## What you are asked to do
Down to the last line, reproduce the data that follows, but skip the pictures.

## Dataset excerpt
┄┄┄┄┄┄┄┄┄┄

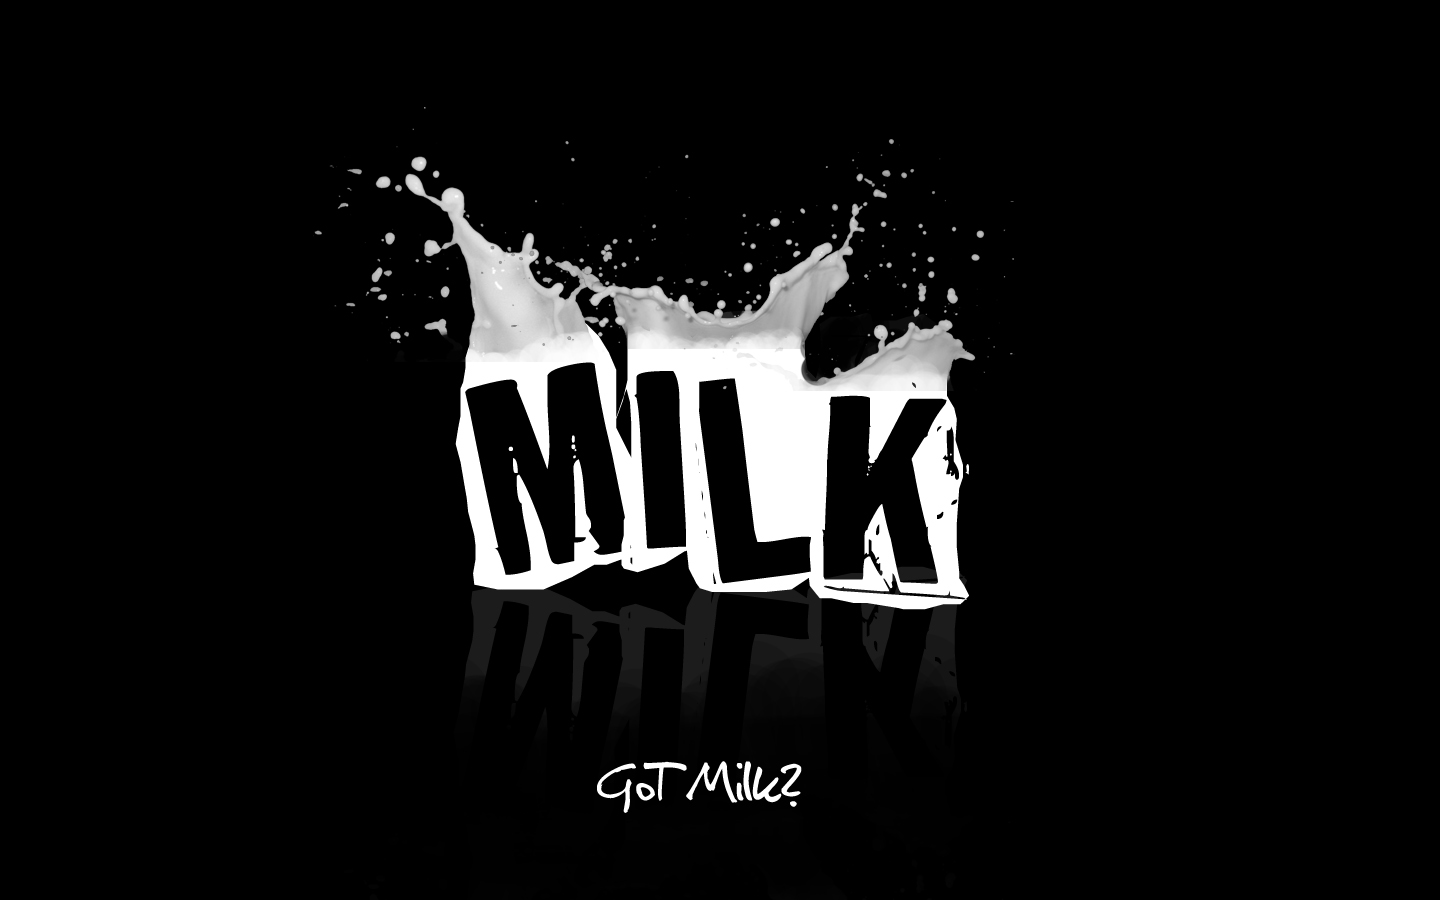 Got milk by justicebleeds on
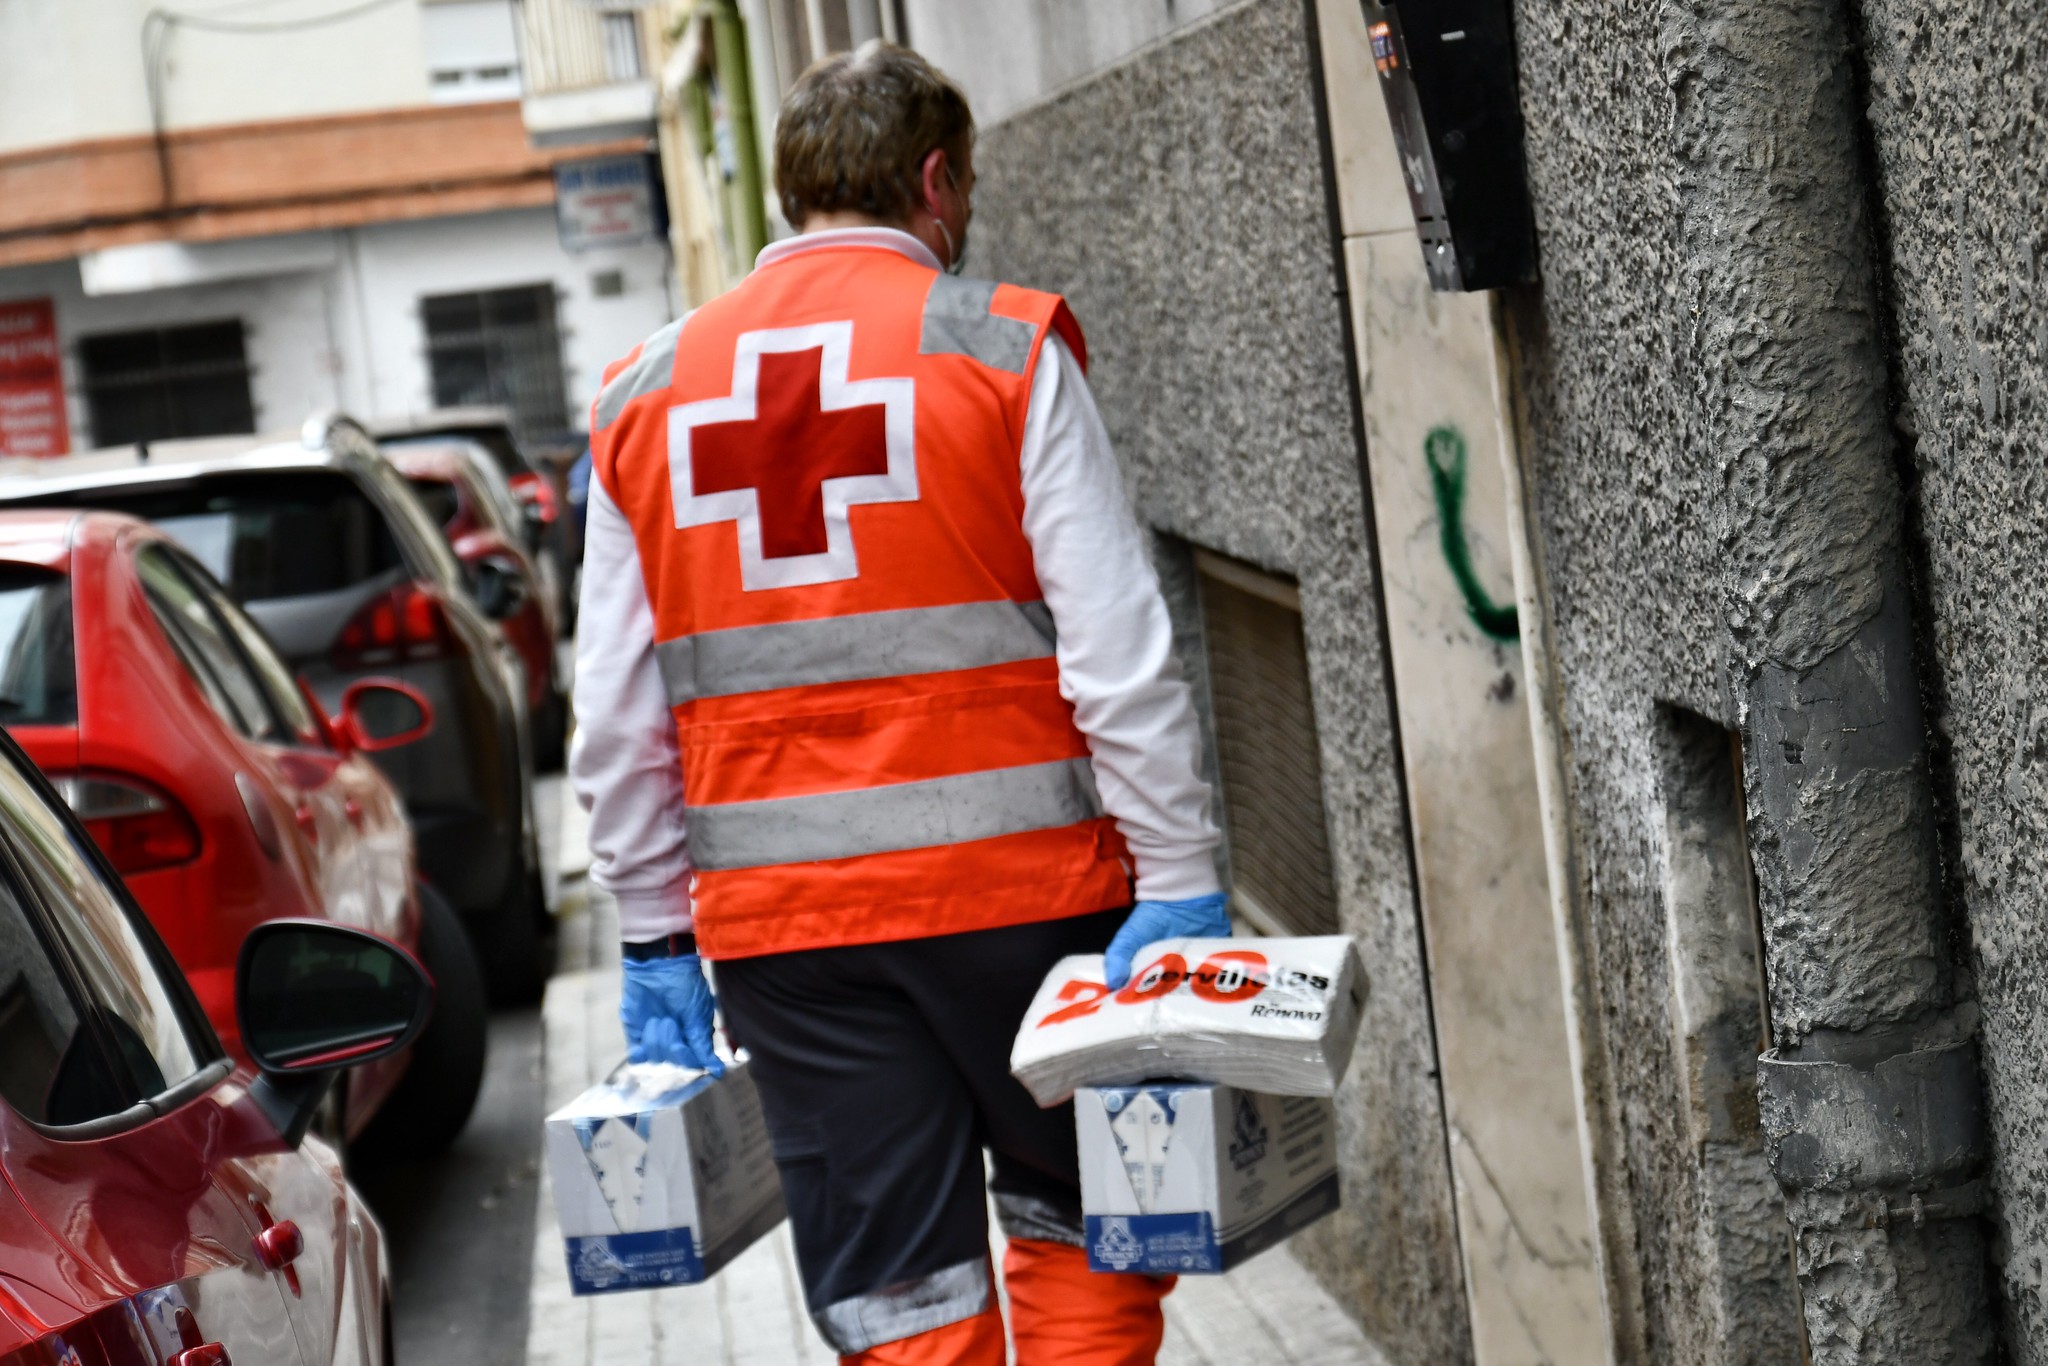 Cruz Roja registra el incremento anual de voluntariado más alto de su historia
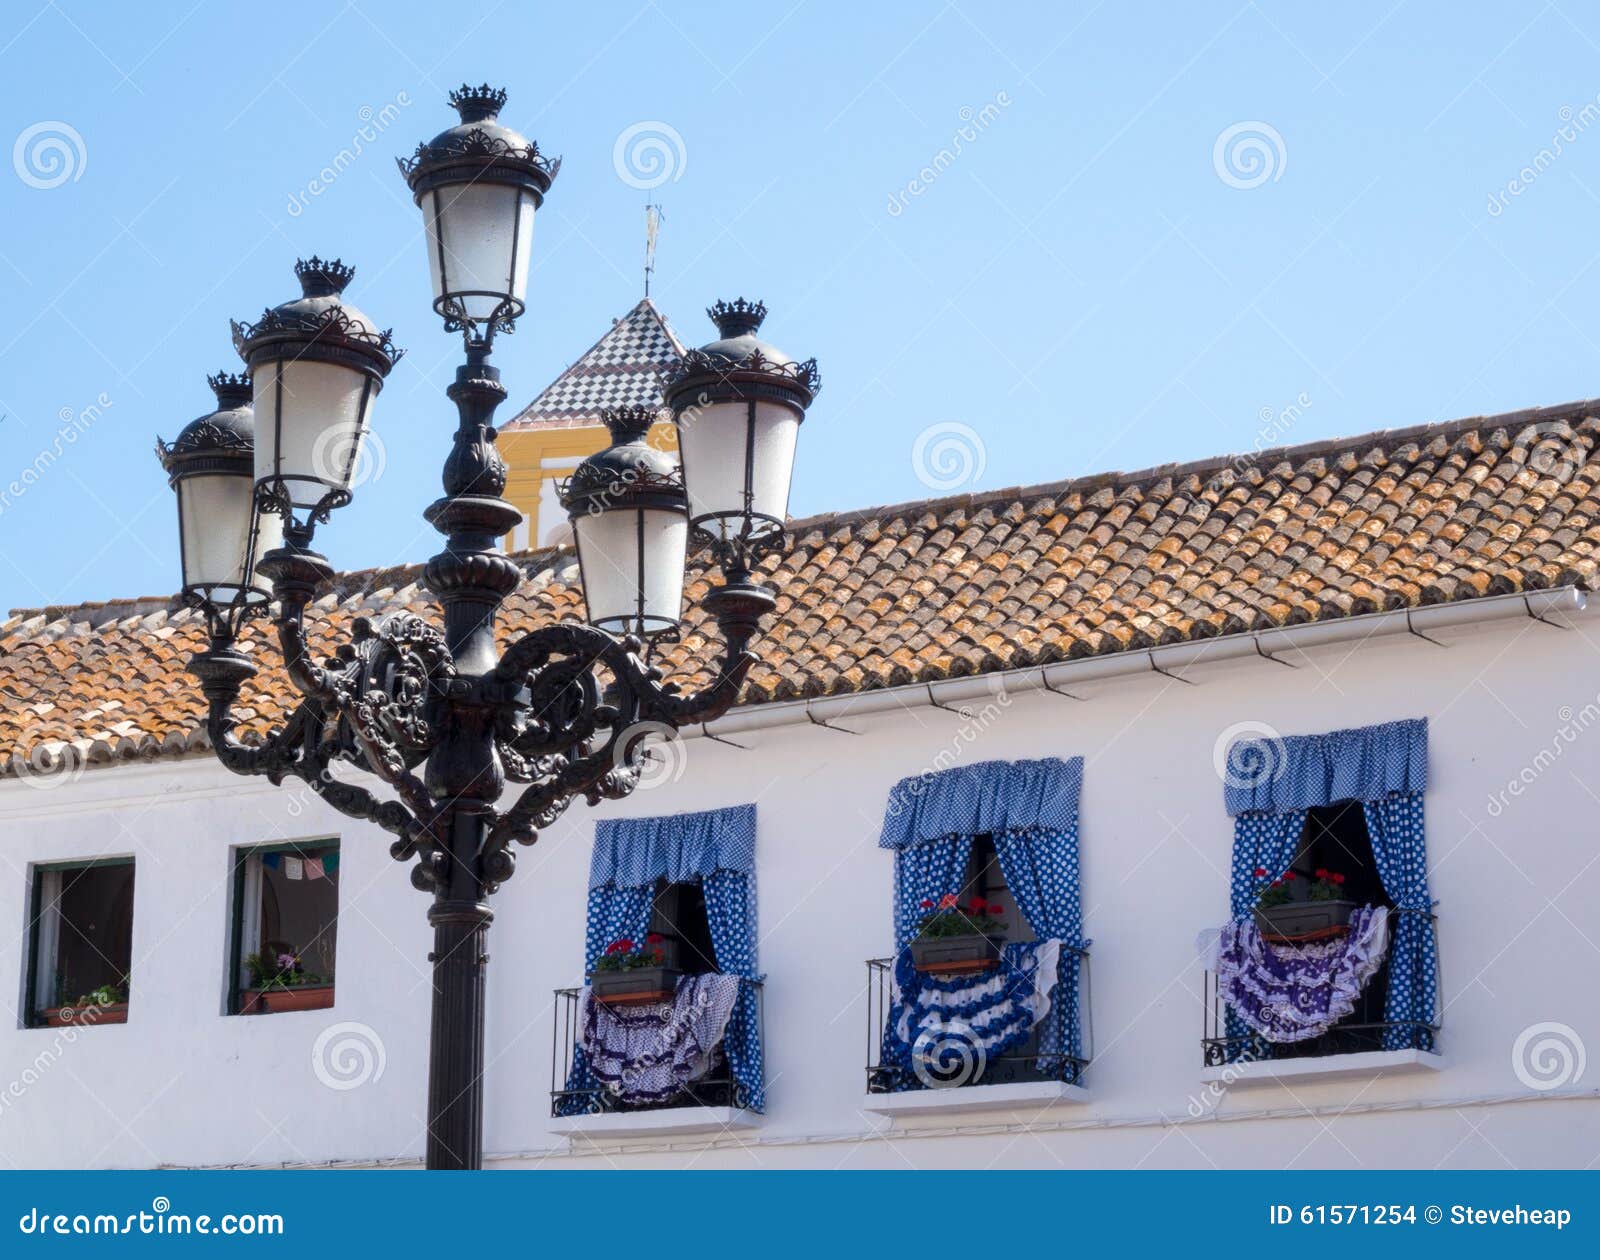 decorated windows face plaza de los naranjos in marbella

┄┄┄┄┄┄┄┄┄┄

## Your solution
 Got milk by justicebleeds on
 Cruz Roja registra el incremento anual de voluntariado más alto de su historia
 decorated windows face plaza de los naranjos in marbella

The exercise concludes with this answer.